Deputado anuncia entrada da Assembleia no processo e busca diálogo com o Judiciário para evitar retirada de mais de 650 famílias
Da Redação Jota Moreira
Diante da ameaça de despejo que atinge centenas de famílias em Cuiabá, o presidente da Assembleia Legislativa de Mato Grosso (ALMT), deputado Max Russi (Podemos), se reuniu na tarde desta segunda-feira (13) com moradores do Residencial Villas das Minas e dos condomínios Lavras do Sul I e II.
A situação foi desencadeada por decisão do juiz Márcio Aparecido Guedes, da Primeira Vara Cível da Capital, que determinou a reintegração de posse dos imóveis em favor da empresa Trunk Gestão Empresarial Ltda. Os apartamentos estão vinculados à massa falida da Trese Construtora, em um processo que se prolonga há quase 30 anos.
Parte dos moradores afirma ocupar os imóveis de forma legítima há décadas. Muitos relatam que, após a falência da construtora, precisaram investir recursos próprios para concluir as obras e garantir condições de moradia.
Durante o encontro, Max Russi informou que a Procuradoria da ALMT deve ingressar no processo como amicus curiae (amigo da corte), oferecendo suporte jurídico e técnico na tentativa de resguardar o direito à moradia e buscar uma solução conciliatória.
O deputado destacou que a Assembleia pretende utilizar instrumentos como a Câmara de Conciliação para construir uma alternativa que evite a retirada das famílias. Ele alertou para o impacto social da medida, caso seja cumprida, com mais de 650 famílias podendo ser desalojadas sem destino definido.
Russi também afirmou que irá buscar uma agenda com a presidente do Tribunal de Justiça de Mato Grosso, desembargadora Clarice Claudino da Silva, para apresentar a dimensão do problema e tentar a suspensão da ordem judicial, que prevê inclusive o uso de força policial.

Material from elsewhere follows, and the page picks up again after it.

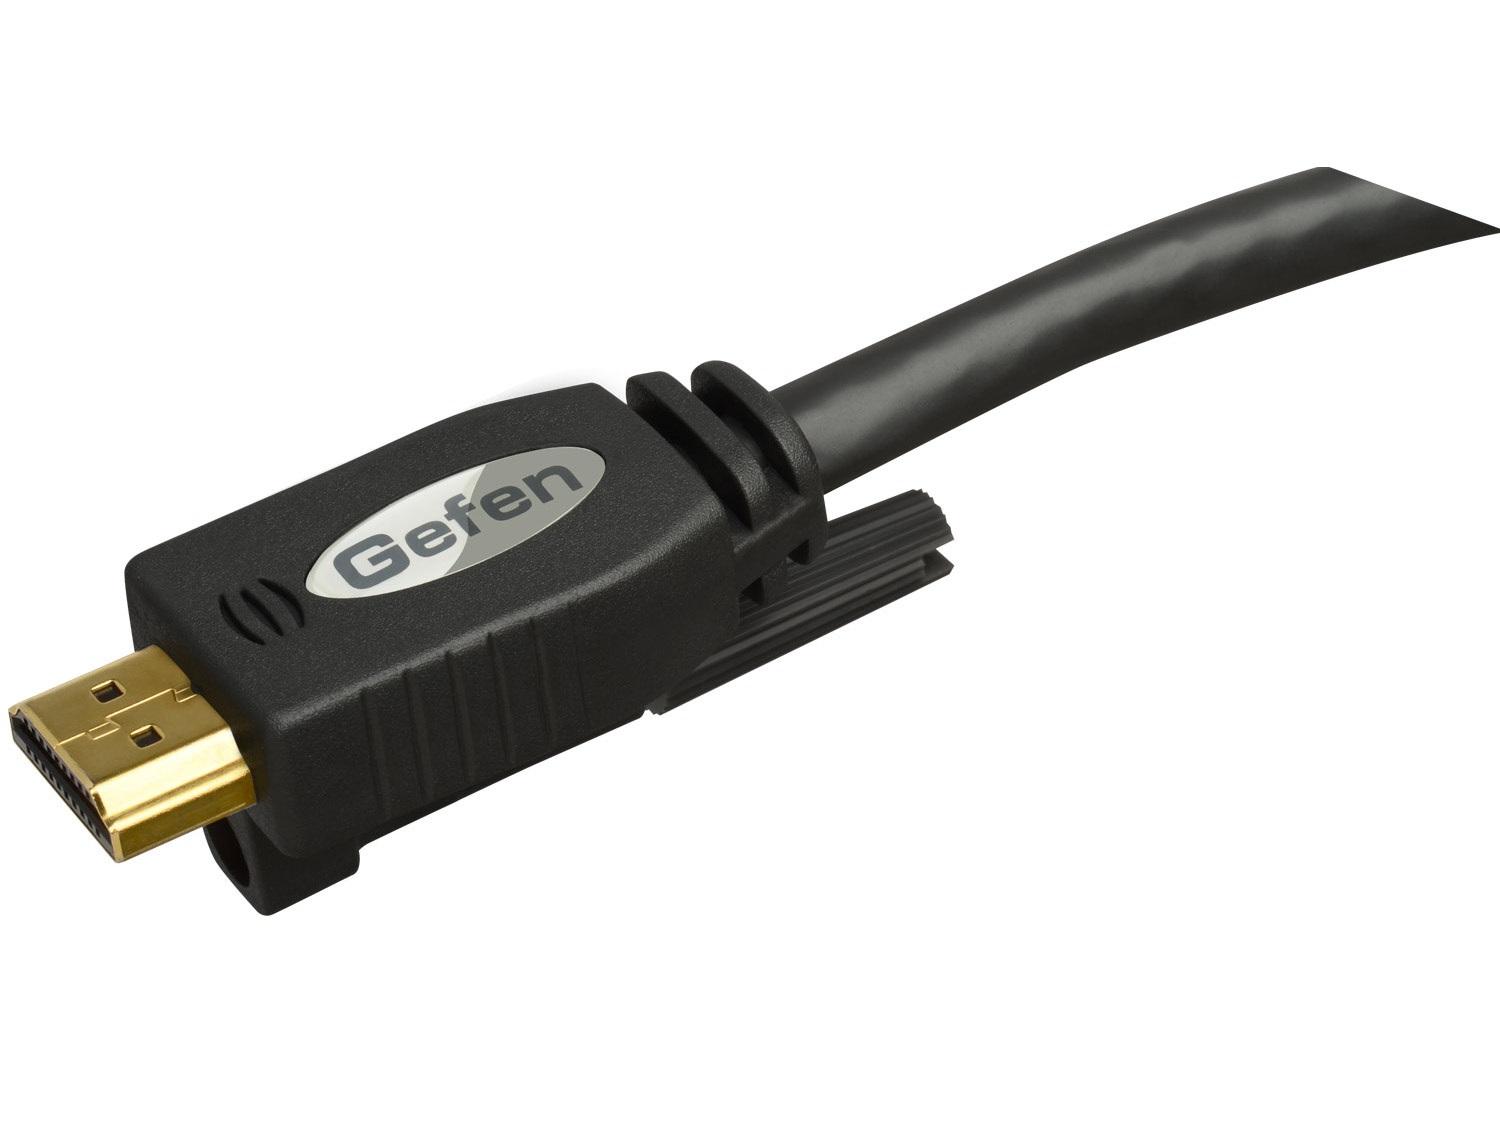 CAB-HD-LCK-03MM High Speed HDMI Cable with Ethernet/Mono-LOK (M-M) - 3 ft by Gefen
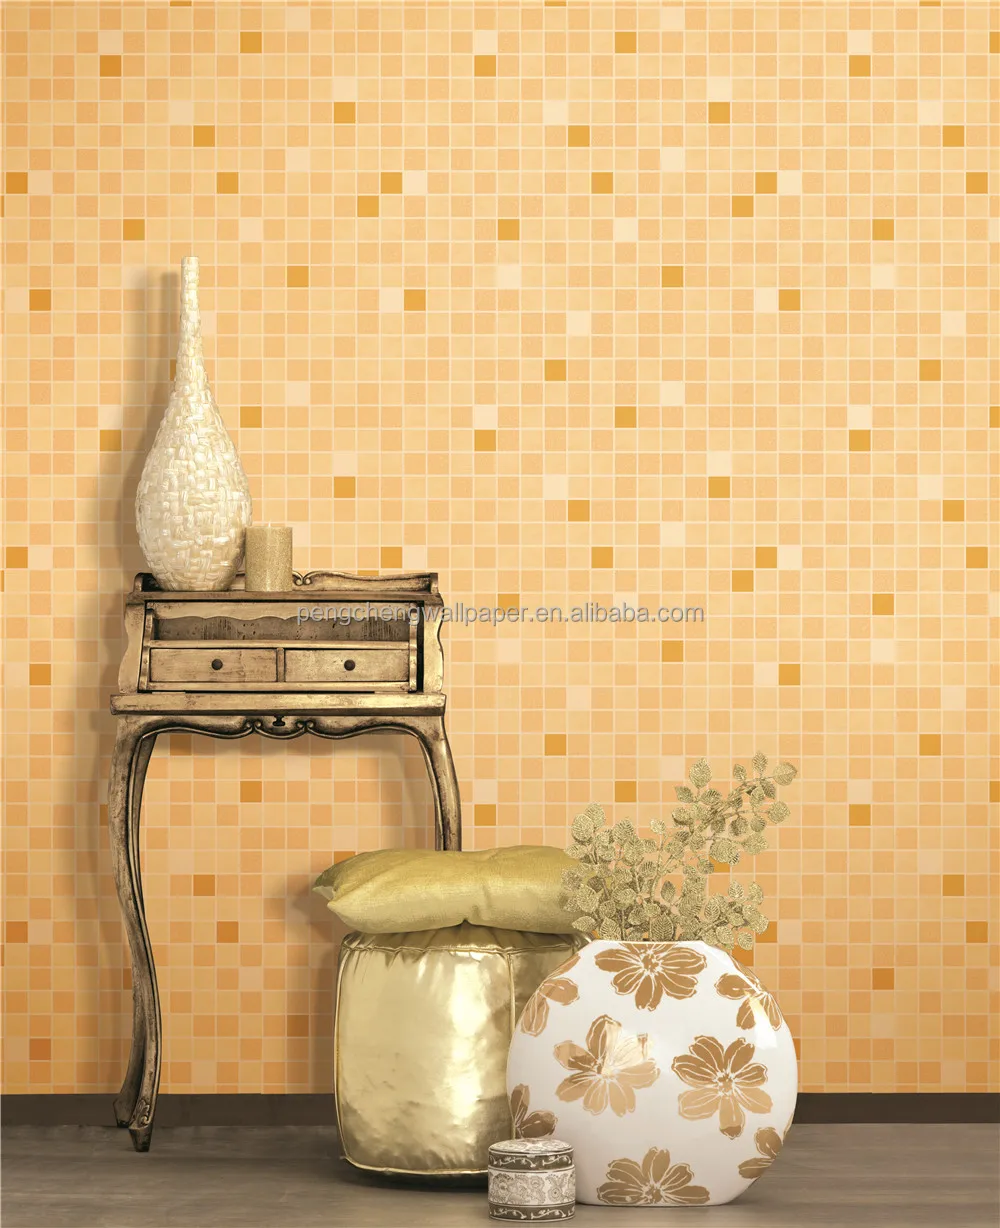 3d Wallpaper For Home Decoration Wallpaper 3d Wall Price 3d

Para os moradores, o apoio institucional representa um reforço importante em uma disputa que se arrasta há anos. O síndico do Villas das Minas, José Carlos, destacou que muitos adquiriram os imóveis antes da falência e ficaram sem respaldo. Já a moradora Sandra Esther, que vive no local há 14 anos, ressaltou a dificuldade enfrentada pelas famílias e disse que a presença das autoridades renova a esperança da comunidade.
A reunião contou ainda com a participação dos procuradores Ricardo Riva e João Gabriel, que devem atuar na construção da estratégia jurídica. A prioridade, segundo a Assembleia, será garantir que a dignidade das famílias seja considerada diante da disputa patrimonial envolvendo os imóveis.